Investigating Training Objectives for Generative Speech Enhancement
Julius Richter, Danilo de Oliveira, Timo Gerkmann
TL;DR
This work compares score-based generative models (SGMSE) and Schrödinger bridge (SB) approaches for generative speech enhancement, showing that these frameworks, while theoretically related, exhibit different training dynamics and practical behaviors. It introduces a perceptual loss for SB to improve perceptual quality and evaluates both families on the VB-DMD benchmark, demonstrating that SB with data-prediction and perceptual loss can achieve state-of-the-art PESQ while balancing other metrics. The study reveals that objective choices (e.g., loss type, perceptual terms, and samplers) materially affect performance and stability, offering guidance for deploying diffusion-based speech restoration systems.
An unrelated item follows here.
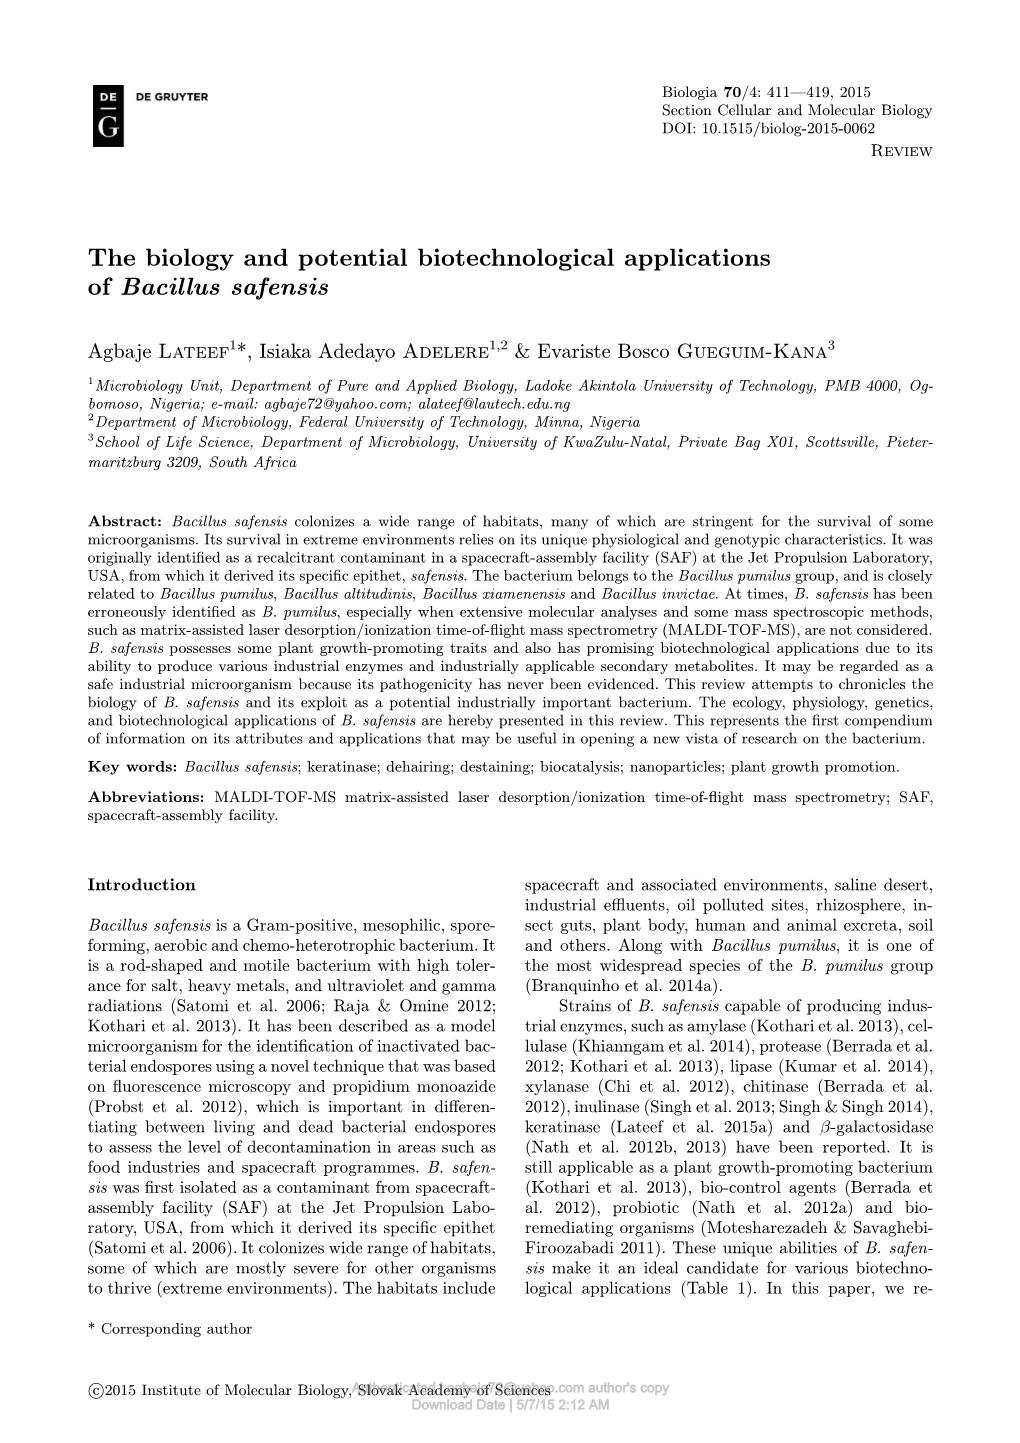 The Biology and Potential Biotechnological Applications of Bacillus Safensis

All experimental code and pre-trained models are released to facilitate ongoing research and reproducibility.
Abstract
Generative speech enhancement has recently shown promising advancements in improving speech quality in noisy environments. Multiple diffusion-based frameworks exist, each employing distinct training objectives and learning techniques. This paper aims to explain the differences between these frameworks by focusing our investigation on score-based generative models and the Schrödinger bridge. We conduct a series of comprehensive experiments to compare their performance and highlight differing training behaviors. Furthermore, we propose a novel perceptual loss function tailored for the Schrödinger bridge framework, demonstrating enhanced performance and improved perceptual quality of the enhanced speech signals. All experimental code and pre-trained models are publicly available to facilitate further research and development in this domain.